If they settle out on the boat, the book value for replacement is more than what I paid for the boat four years ago.

They are raising her tomorrow and the surveyor is going to look at her as soon as they "pickle" the motor.

Happy Outbacking!

Tim


----------



## HootBob (Apr 26, 2004)

Tim
Sorry to hear about your boat thank god for insurance.
Good luck.

Don


----------



## Thor (Apr 7, 2004)

Sorry to hear what happen. You are not letting it ruin your spirit; which is great.

Good Luck with getting everying repaired or replaced. Before you know it, you will be boating again.

Thor


----------



## ee4308 (Aug 23, 2005)

Sorry to hear about your boat. Hope everything works out to your liking with the ins co.


----------



## Steelhead (Nov 14, 2005)

Very sorry to hear of your misfortune with the boat
sure hope all gets resolved to your satisfaction. Whaat a bummer!

Dallas


----------



## wolfwood (Sep 19, 2005)

Highlander96 said:


> I got the call around 9:30 this morning that my boat was capsized in it's slip this morning.
> 
> 
> 
> ...


So sorry to hear this, Tim. In my (MUCH) younger years, I was a private salvage diver. The only thing sadder than the face of the owner was the act of going under and actually seeing the hull on the bottom. Helped raise a schooner once that belonged to an old sea captain who also was a personal friend of the family. She was all wood and beautiful - quite old, too, but in great shape. Her name was 6 Fathoms. Like yours, she seemed fine - and then she was on the bottom. I think my heart was as heavy as the Captain's that day. My sympathies are with you. Boats US is a great operation and it sounds like you'll make out well with the Insurance Co. - of course, they don't ever compensate for distress.

Let us know how she is after you're able to check her out.


----------



## Highlander96 (Mar 1, 2005)

They raised her this afternoon.
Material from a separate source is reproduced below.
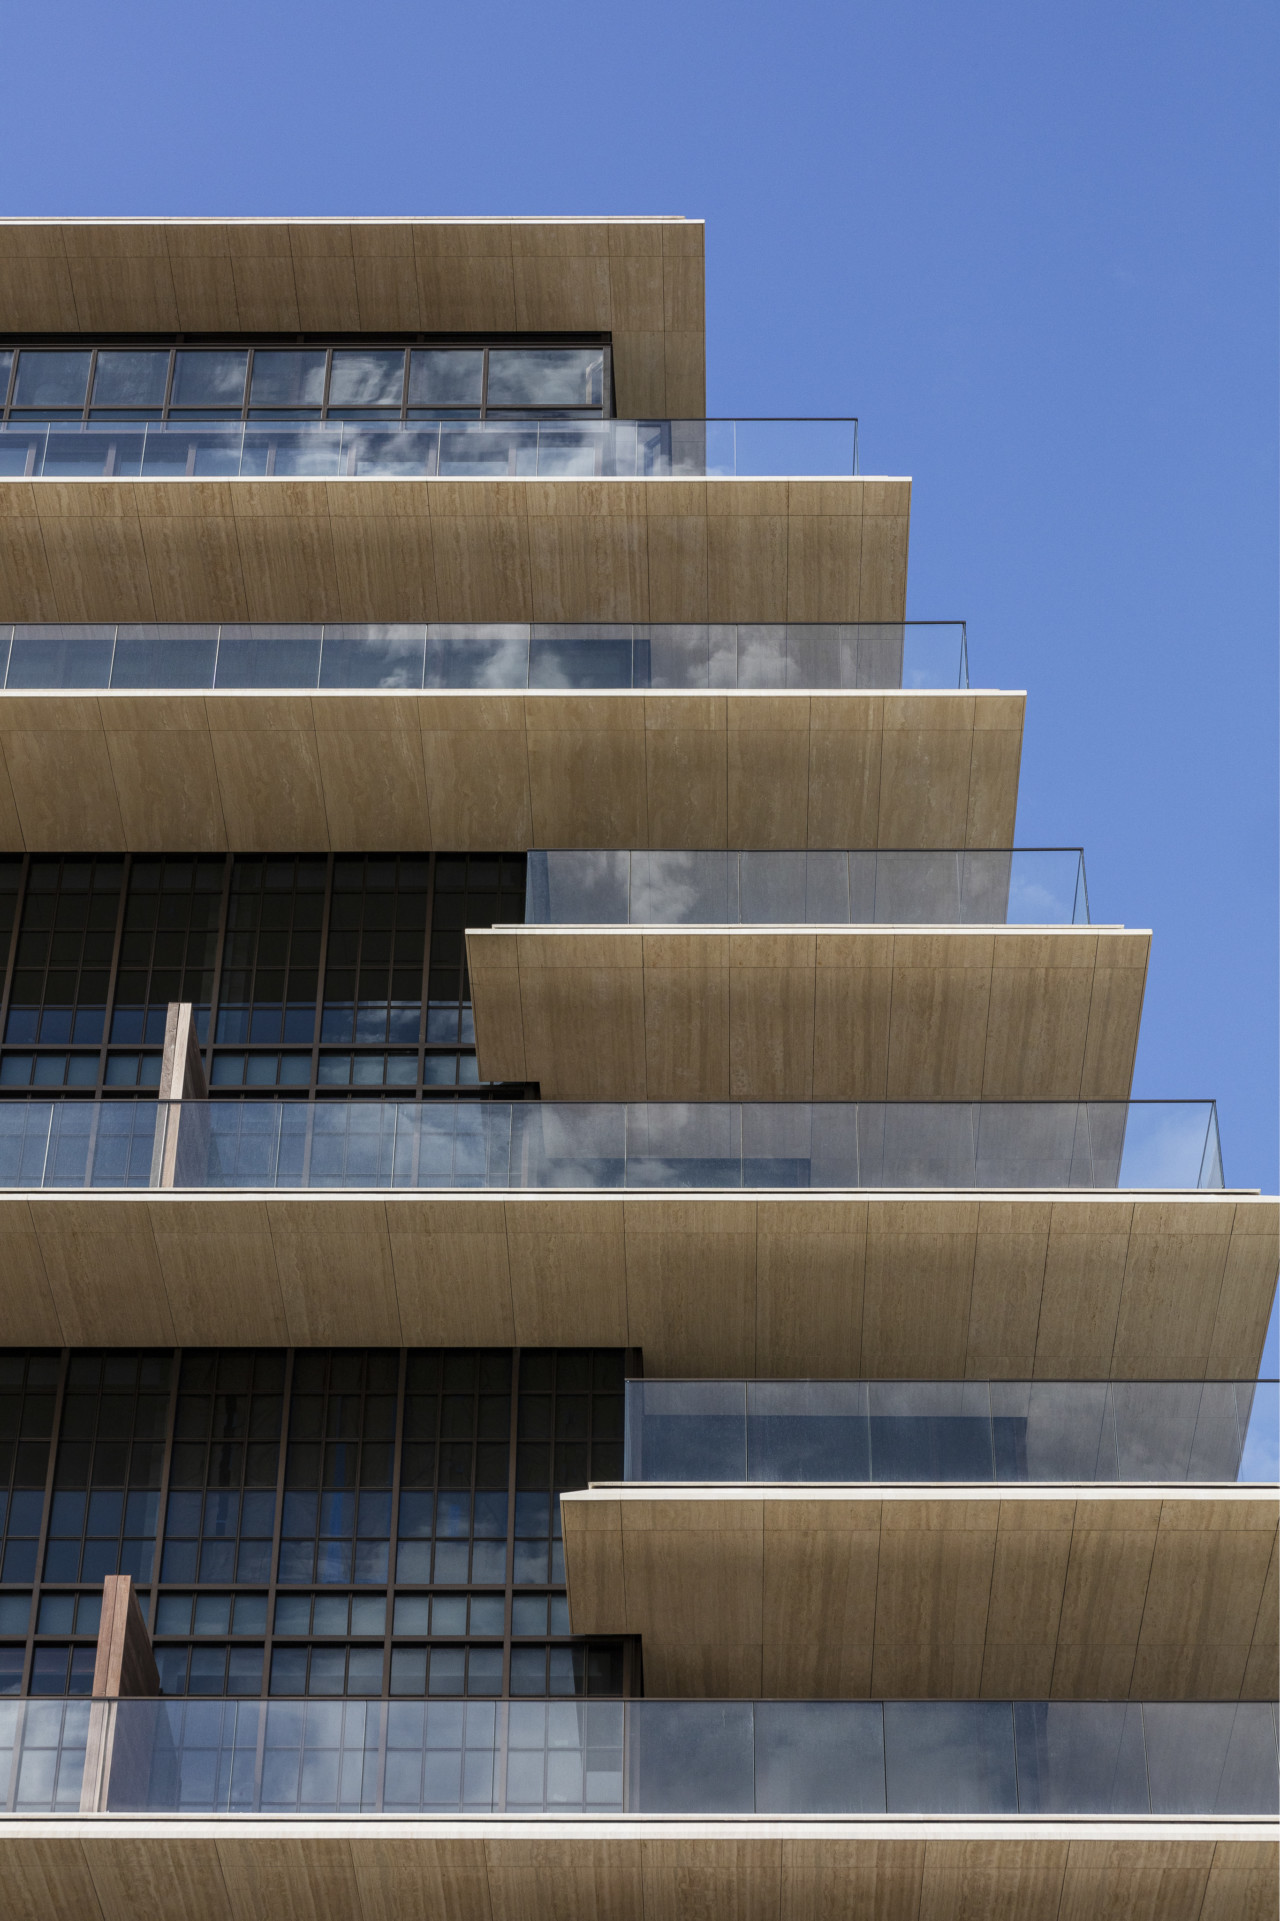 Detail image of the balconies highlighting varying sizes

The only thing that we can figure out that could have happened was that the scupper valves both froze and water just poured in through them.
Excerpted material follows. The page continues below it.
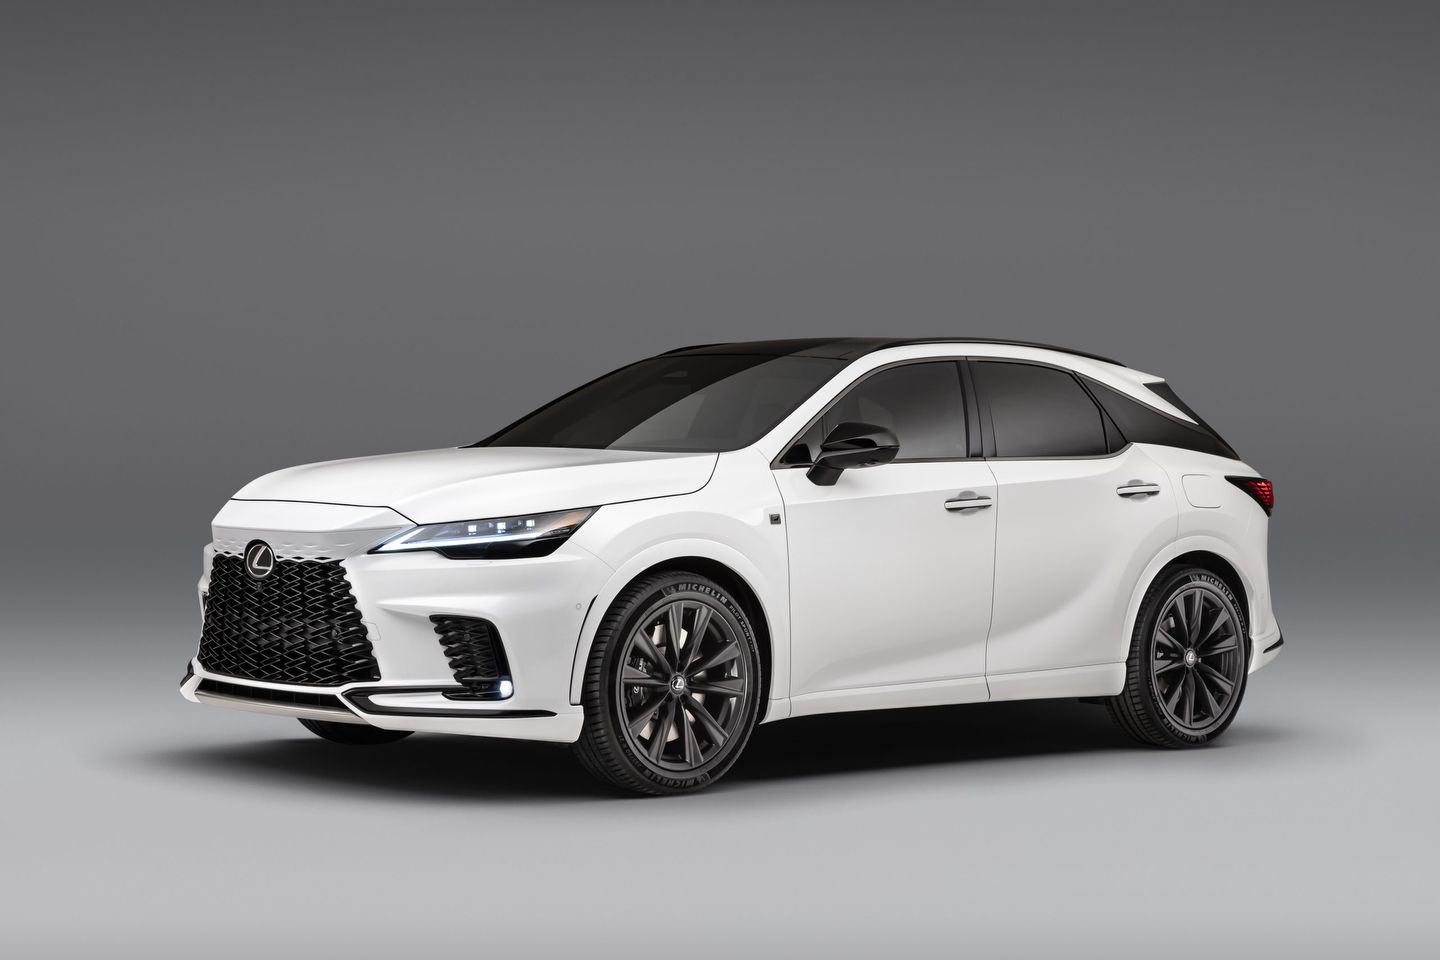 This is the all-new generation 2023 Lexus RX

Everything looked fine and the hull was sound. Once she was turned over and pumped out it seemed like nothing had ever happened.
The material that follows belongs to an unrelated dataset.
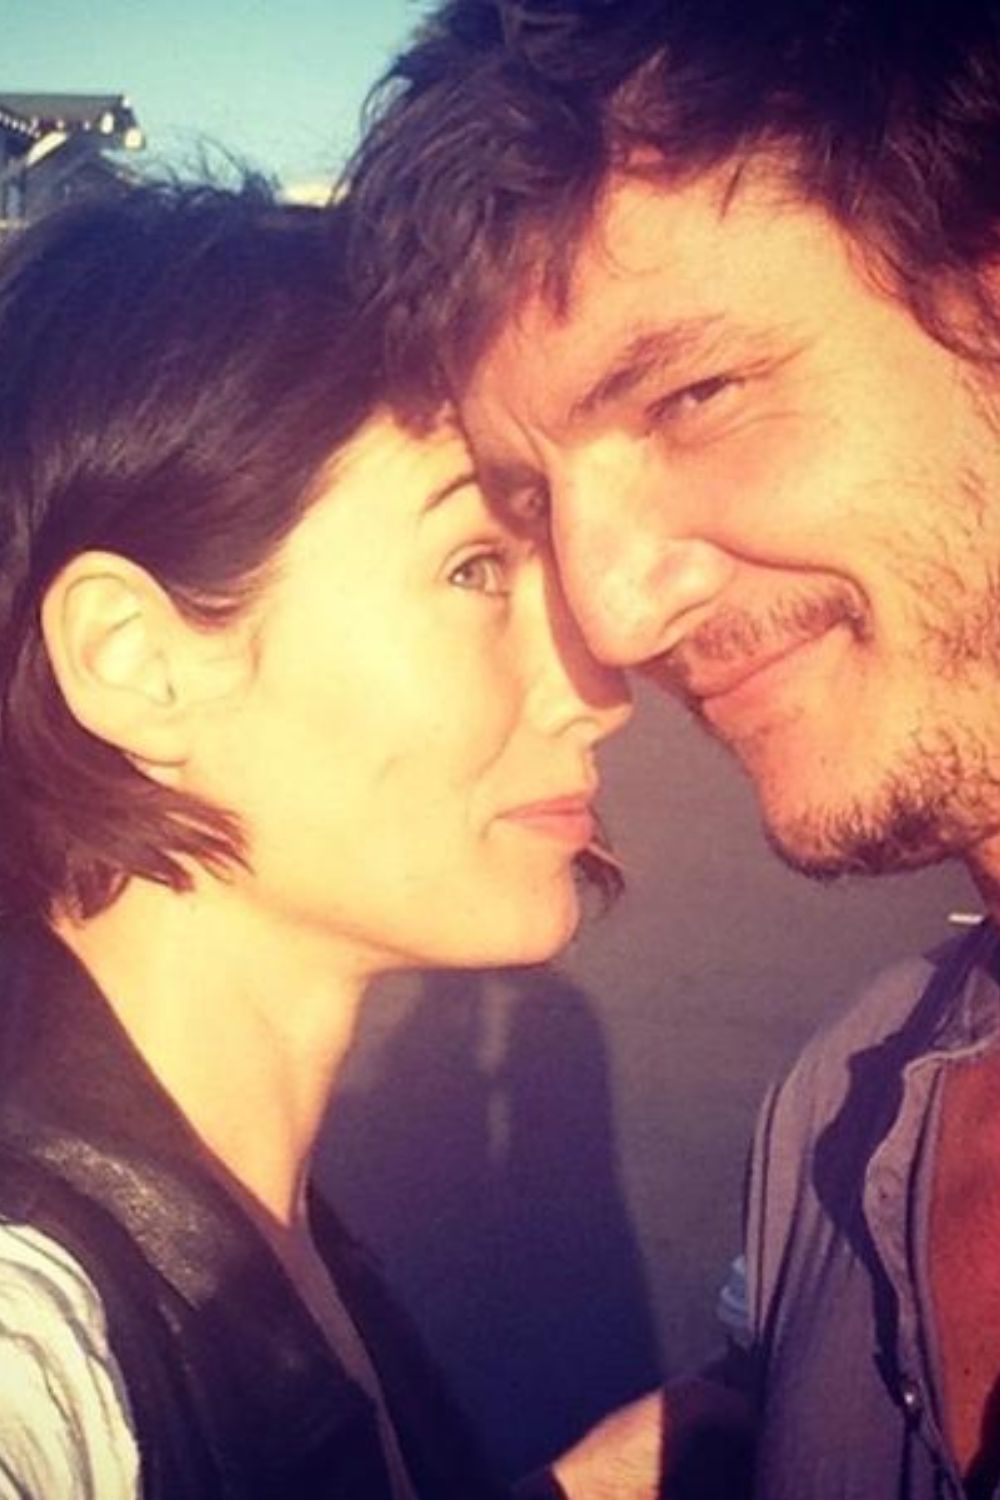 Lena Heady and Pedro Pascal from an Instagram post Heady captioned "Sunshine love"

I'll post some pictures of the rescue operation later.

Happy Outbacking!









Tim


----------



## Steelhead (Nov 14, 2005)

That sounds great! glad it wasn't worse. As an Old Coast Guardsman I've seen many a bad one .Hope you get full support from your insurance co. for the engines and anything else that needs refurbishing. Good luck









Dallas


----------



## Highlander96 (Mar 1, 2005)

I created a new gallery with some pics. If anyone is interested of course.

Here is the link.

http://www.outbackers.com/forums/index.php...album&album=182

Watch out for the snow!!!!









Tim


----------



## PDX_Doug (Nov 16, 2004)

Sad pictures, Tim









Glad to hear the apparent damage is minimal.

Happy Trails,
Doug


----------